Paid The Cost To Be The B.O.S.S.
For some, trying to follow through on Malcolm's philosophy had unintended consequences for which they paid a heavy price. Take for example the case of Herman Ferguson.
He first became involved in the civil rights movement in 1963 when he joined in Queens CORE's demonstration at Rochdale Village against racism in the construction industry. He and several others from various CORE chapters invented a new protest tactic by climbing up and chaining themselves to the construction cranes. Although he did not consider himself a member of CORE, he was made the education chairman for South Jamaica CORE, a militant break off chapter from Queens CORE, in 1964.(69)
This activism also led to his creation of the Rochdale Movement which focused on a selective buying campaign in the Jamaica, Queens shopping district. It was this group that first brought him to the attention of Malcolm X who invited Ferguson to join his OAAU.(70)
Ferguson's involvement in the OAAU led to his case file being opened by the Federal Bureau of Investigation (FBI). His court papers also reveal that the FBI's investigation may have begun as early as the summer of 1963.(71) This would have been when he joined the demonstration at Rochdale Village and a few weeks before his crane climbing action which implies the investigation may have started just as he became involved with Queens CORE.
By 1967, Ferguson had become the head of the local chapter of the Revolutionary Action Movement (RAM), an organization which among other things was meant to be the underground armed faction of the OAAU. Taking to heart Malcolm's suggestion that Blacks should arm themselves in self defense, Ferguson helped create the Jamaica Rifle and Gun Club. He and fifteen from his club including former CORE members
Arthur Harris,
Mandola Mcpherson and Clarence Milton Ellis were arrested not long afterward. Along with RAM's field chairman Max Stanford* they were 'charged with conspiracy to commit arson and anarchy as part of an alleged "black revolutionary" plot'. Ferguson and Harris were separately charged with plotting to assassinate Roy Wilkins, head of the NAACP and Whitney Young, head of the Urban League. The plot had been concocted by undercover BOSS agent Edward Lee Howlette who had infiltrated their group just as Ray Wood had Bronx CORE years earlier. More than twenty years later it was discovered the plot was actually part of the FBI's counter intelligence program, COINTELPRO.(72)
While out on bail, Ferguson spoke at a memorial for Malcolm X at Harlem junior high school I.S. 201 where he had been hired as a consultant. During his presentation, he again advocated that Blacks arm themselves to resist any potential racist attacks.
In the audience was junior high school teacher and Brooklyn CORE member Les Campbell who brought with him forty students to attend the memorial.
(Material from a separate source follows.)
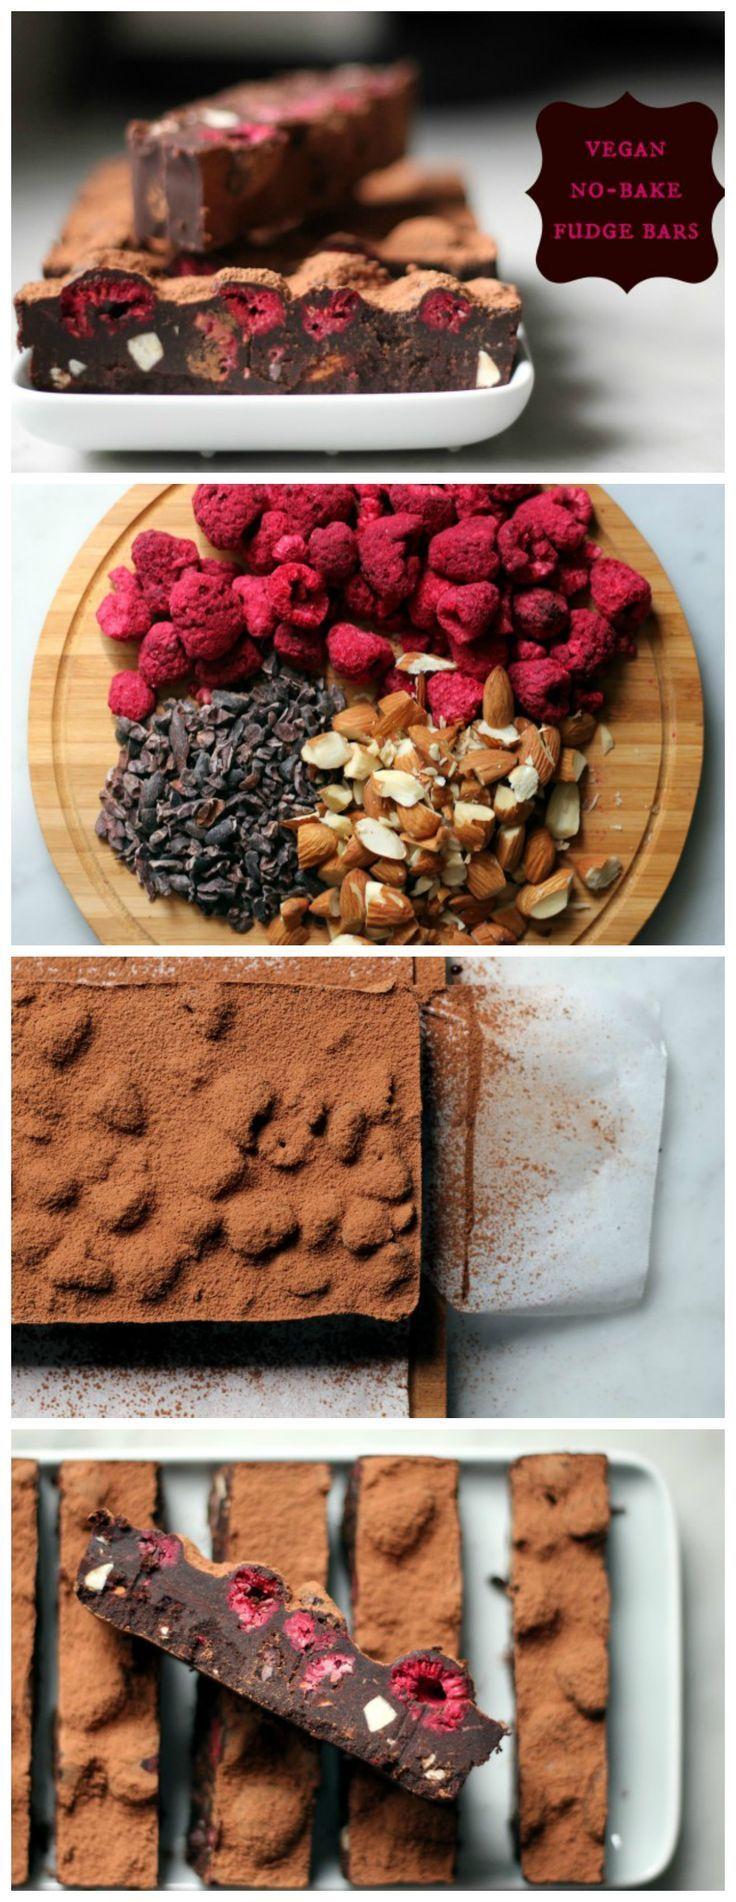 These no-bake, vegan, gluten-free fudge bars are delicious! (Coconut butter)

For this, Campbell was suspended from his job by the Board of Education.(73)
This was a key event in Campbell's eventual transformation to Jitu Weusi, founder of
the EAST, a cultural nationalist organization that also included several members from Brooklyn CORE. At its core was Uhuru Sasa (Swahili for 'Freedom Now', CORE's rallying cry), the first independent Afrocentric school in the city. Among its staff were Ferguson and others who had been members of the OAAU. Malcolm's autobiography was a central text in the curriculum and his image was prominently displayed throughout the school. In describing Weusi and his work with Uhuru Sasa, Betty Shabazz proclaimed "... we have to use the words dedication, competence, truth, beauty and justice."(74)
Weusi and the EAST also functioned as 'keepers of the flame' celebrating his legacy with its annual Malcolm X memorial. When Ferguson eventually returned to the United States he also kept the memory alive as the founding chairman of the Malcolm X Commemoration Committee with its various educational projects and support for political prisoners.